Along with the commission’s approval of the 4,200-home development is a plan to pump its sewage through the Valencia Water Treatment Plant instead of via a new, updated sanitation plant as required under the county-approved Newhall Ranch specific plan, said Lynne Plambeck, SCOPE’s president.
But that arrangement will be temporary, said Marlee Lauffer, spokeswoman for Newhall Ranch developer, Newhall Land Development Inc.
“Newhall Land will be paying all the applicable sanitation district fees … and per the interconnecting agreement with the sanitation district, by the time there are 6,000 homes in Newhall Ranch, there will be a water treatment plant online,” Lauffer said.
Building a new wastewater plant before those homes are built would be inefficient, she said.
The Newhall Ranch specific plan, approved by the county in 2004, requires that the project’s developers build a new sewage treatment plant that meets Clean Water Act standards for lowering chloride in the Santa Clara River — requirements the Valencia plant doesn’t yet meet, Plambeck said.
Last summer, downstream Ventura County farmers claimed water released from the SCV was damaging their crops because the water carried relatively high levels of chlorides, a naturally occurring salt.

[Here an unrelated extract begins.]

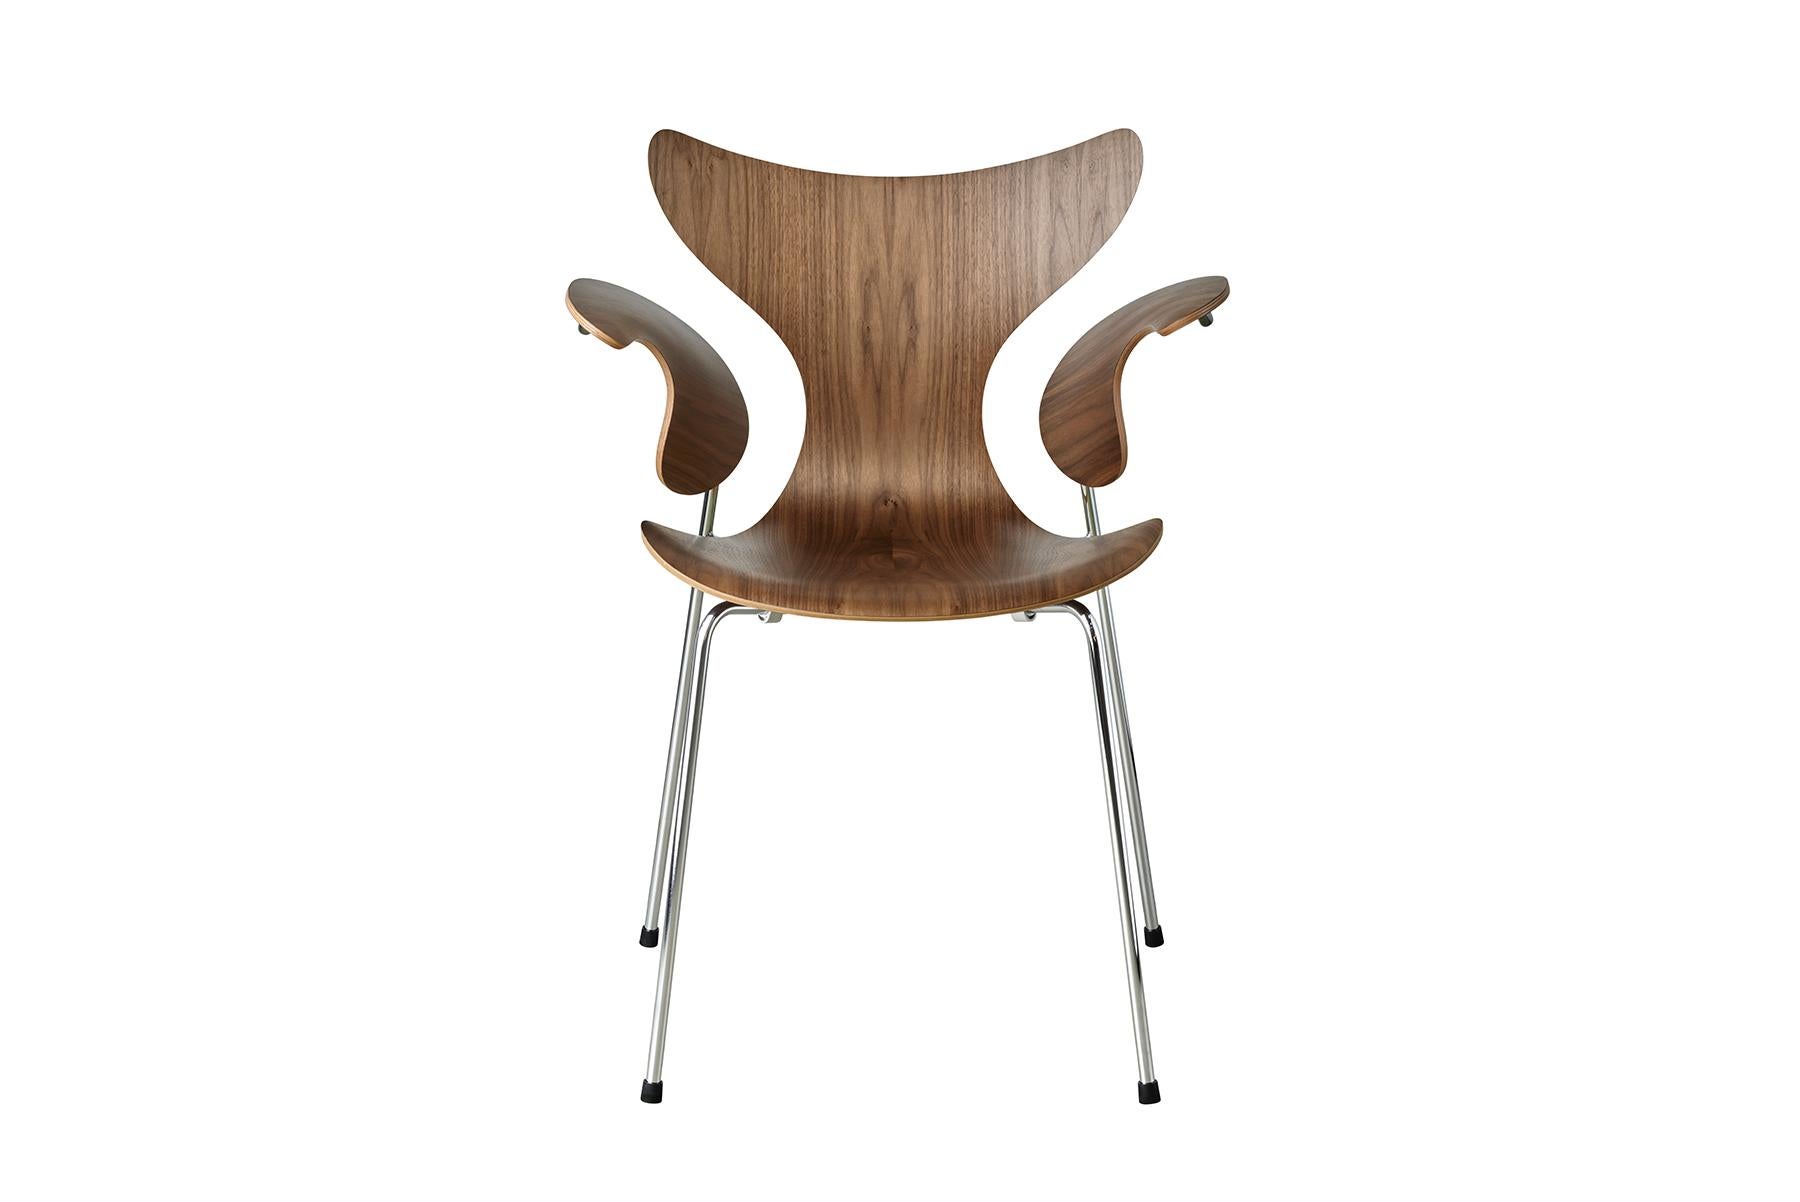 Die Lilie wurde ursprünglich für die Dänische Nationalbank entworfen. Das erste Modell war 3108 aus dem Jahr 1968, und auf der dänischen Möbelmesse 1970 wurde der Stuhl mit Armlehnen, Modell 3208, auf den Markt gebracht. Der Stuhl besteht aus

Local water users learned that removing chlorides from the SCV’s water supply to prevent regional water board fines could cost them millions of dollars.
Adding Newhall Ranch’s waste to the sanitation plant would only add to the burden local taxpayers have to shoulder to cover the cost of new, chloride-regulating upgrades, SCOPE members say.
And they argue, the SCV is already full of approved homes waiting to be built due to the economic downturn.
“We need to be good stewards of the Santa Clara River, and it’s not like we need new housing right now … We can make a considered opinion about it,” Plambeck said.
Edel Vizcarra, Antonovich’s planning deputy, said there could be an appeal hearing as soon as August.
He noted that for a development project of this size, there are frequently appeals from different groups.
“A lot of folks want to make sure everything’s vetted before they approve anything,” Vizcarra said.
Lauffer said Newhall Land and the county have been careful to do that.
“But we’ll vet it again, before the board of supervisors,” she said.